Over his full 10-year tenure at Coastal Carolina (2009–2019), the team compiled a 147–66–27 overall record (63–11–8 in conference), won 12 total conference championships, and made nine NCAA Tournament appearances. Russell also served as recruiting director during much of this period.

=== FIU (2020–present) ===
Russell was named head coach of the FIU Panthers men's soccer team on February 21, 2020, becoming the eighth head coach in program history. His first season (2020) was shortened and postponed due to the COVID-19 pandemic, resulting in a 4–4–1 record.

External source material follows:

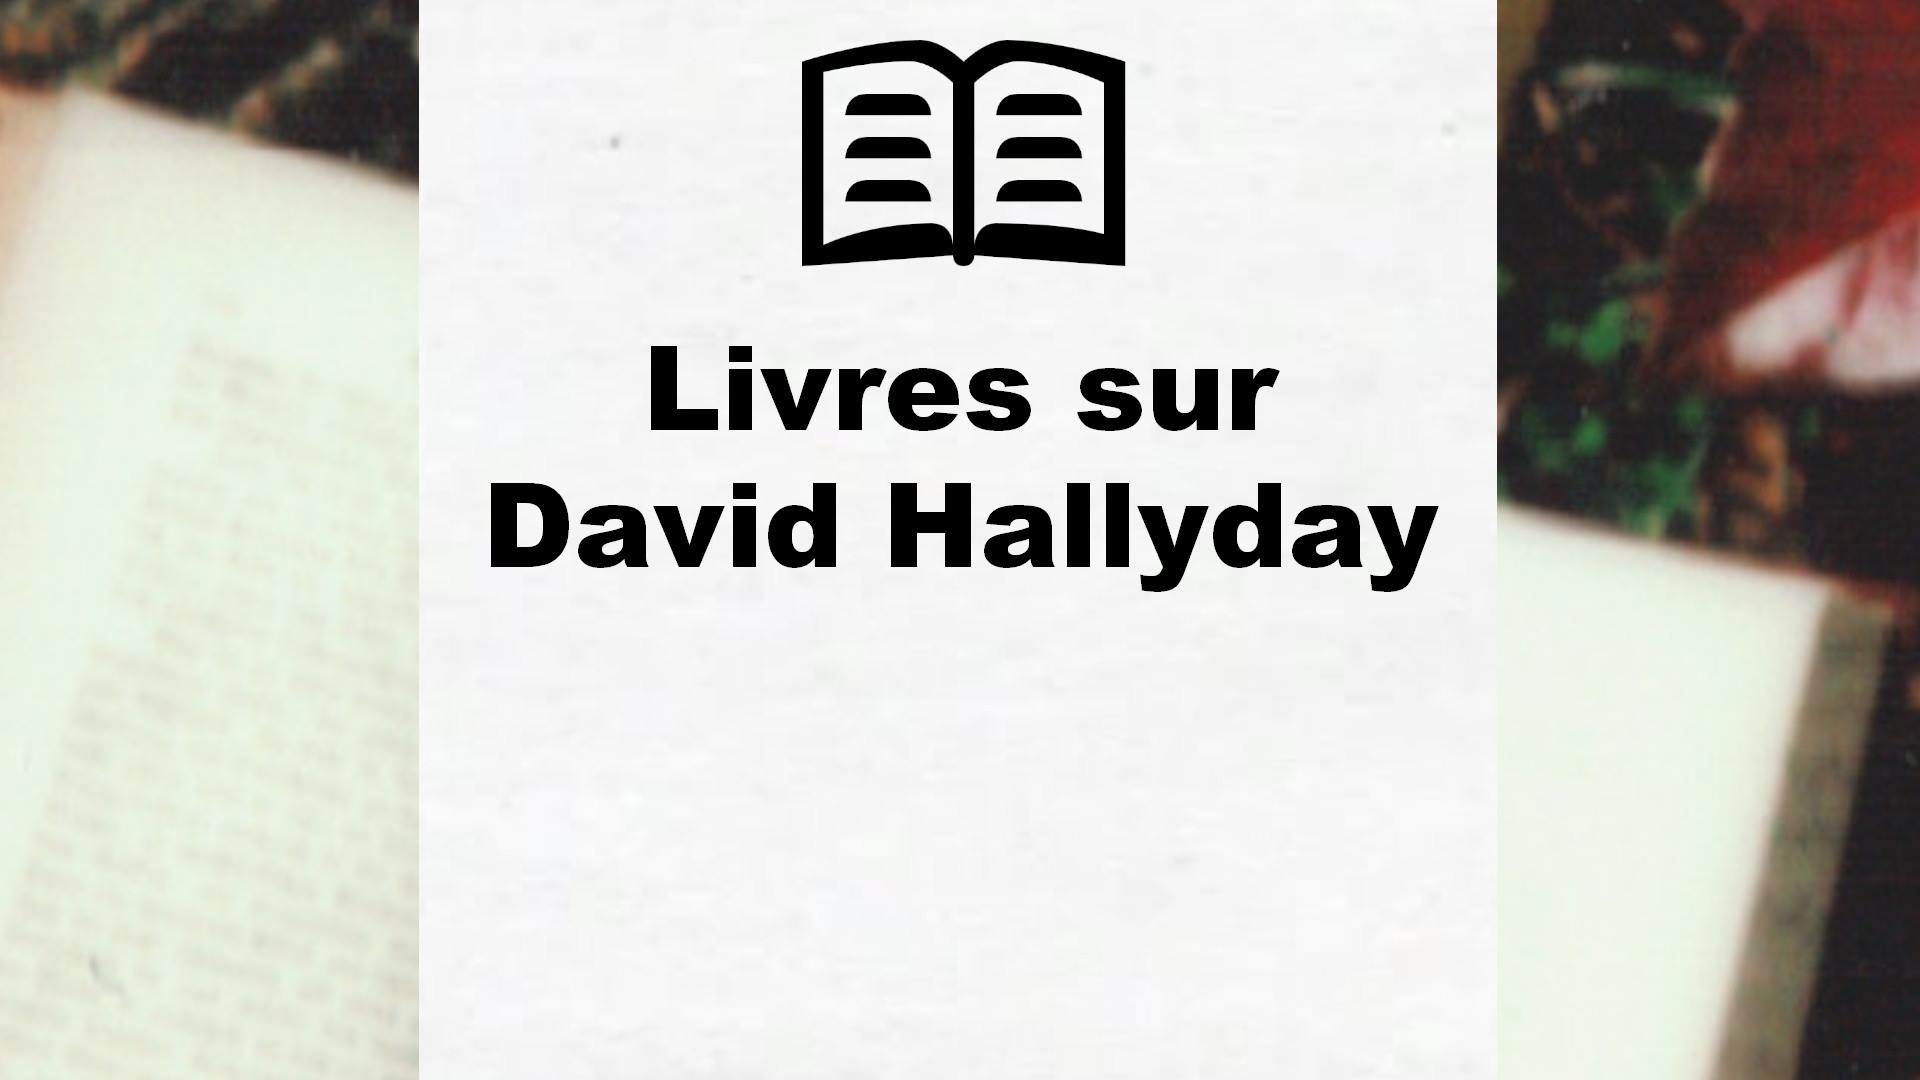 Livres sur David Hallyday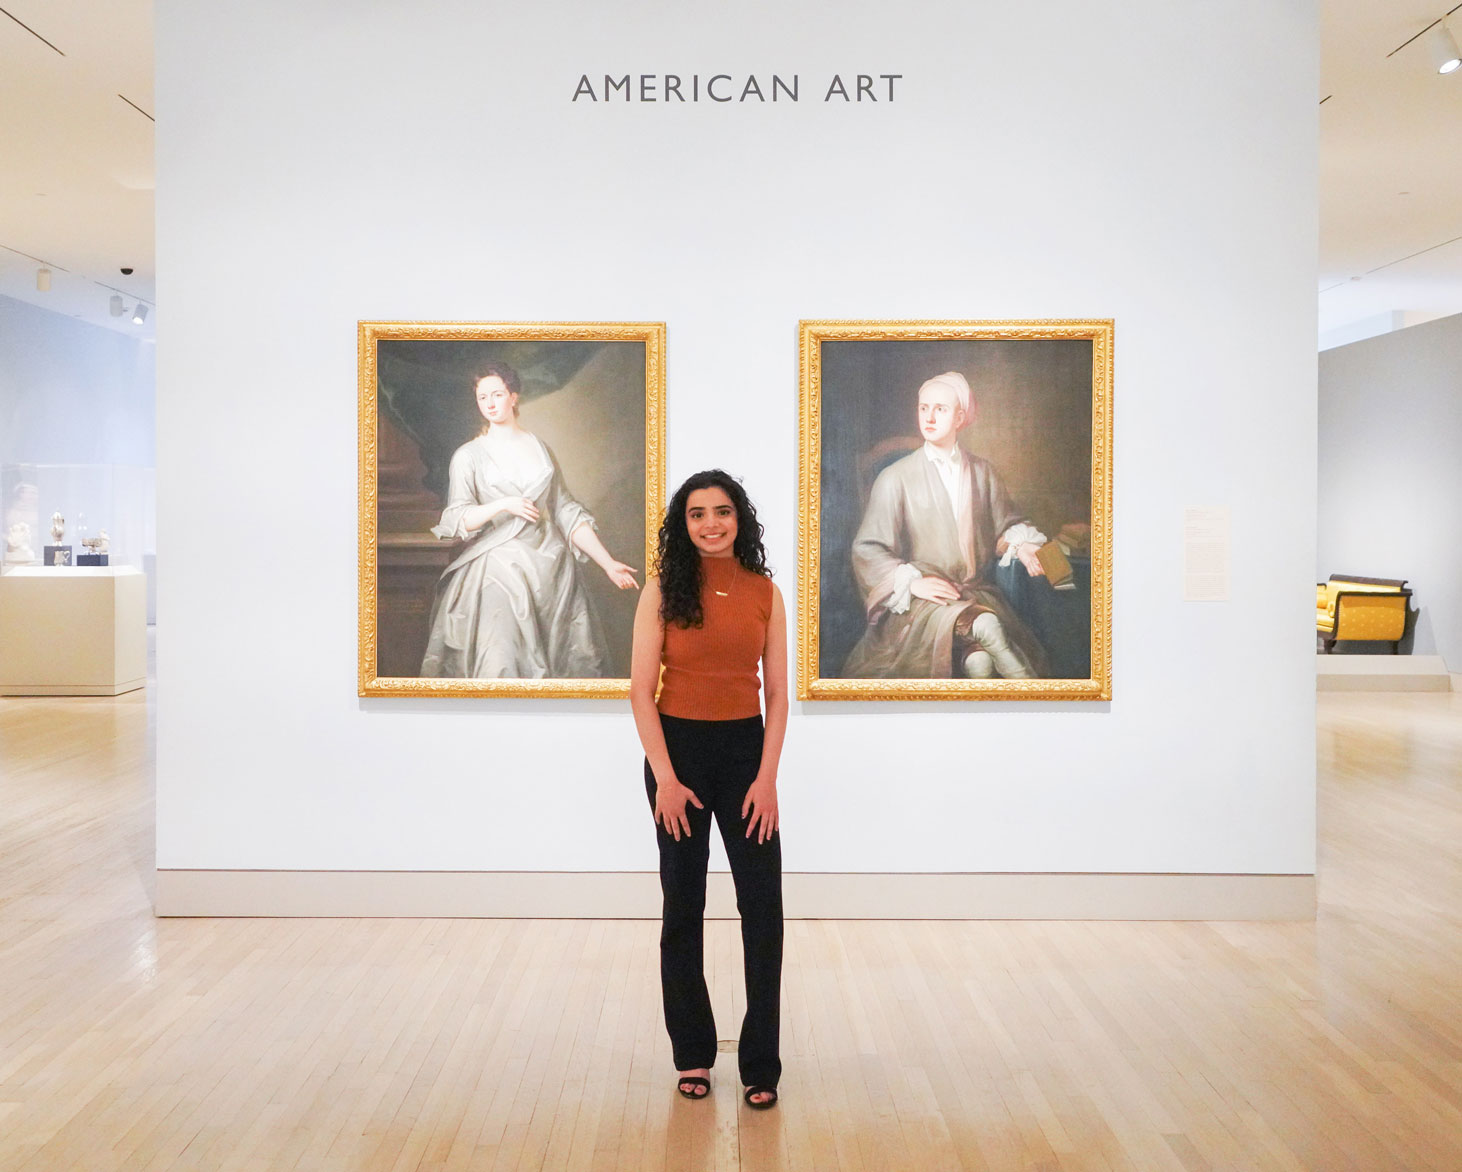 Art history student Swarangi Potdar was selected for an internship at the Dallas Museum of Art.

In 2021, FIU won the Conference USA regular-season title with an undefeated 7–0–1 conference record (12–2–2 overall), earned the program's 11th NCAA Tournament appearance (Round of 32), and defeated the No. 1-ranked team (Marshall) for the first time in program history. The team rose as high as No. 12 nationally and appeared in the Top 25 for 10 consecutive weeks. Russell was named Conference USA Coach of the Year.

In 2022, FIU's first season in the AAC, the team won both the regular-season and tournament titles (14–5–1 overall), reached the NCAA Sweet 16 (third round), and defeated multiple top-ranked opponents (including No. 10 Tulsa and No. 13 North Carolina). His staff received United Soccer Coaches NCAA D-I East Region Staff of the Year and AAC Coaching Staff of the Year honors.

The team achieved three consecutive 10+ win seasons from 2021–2023, advanced to the NCAA Tournament second round in 2023, and reached the AAC Championship match in 2024 and 2025 (third appearance in four seasons). As of the start of the 2026 season, Russell has a 30–13–4 overall record at FIU through 2025. He is recruiting with TopDrawerSoccer top-30 classes in 2020 and 2021 and produced MLS draft picks (e.g., Stephen Afrifa, 8th overall in 2022; Michael Appiah in 2025).

His contract has been extended through 2027.

==Personal life==
Russell was born in East Lansing, Michigan, and raised in the suburbs of Chicago. He earned a B.S. in business management (2009) and an MBA (2014) from Coastal Carolina University. He married Monica in 2013 and has two sons.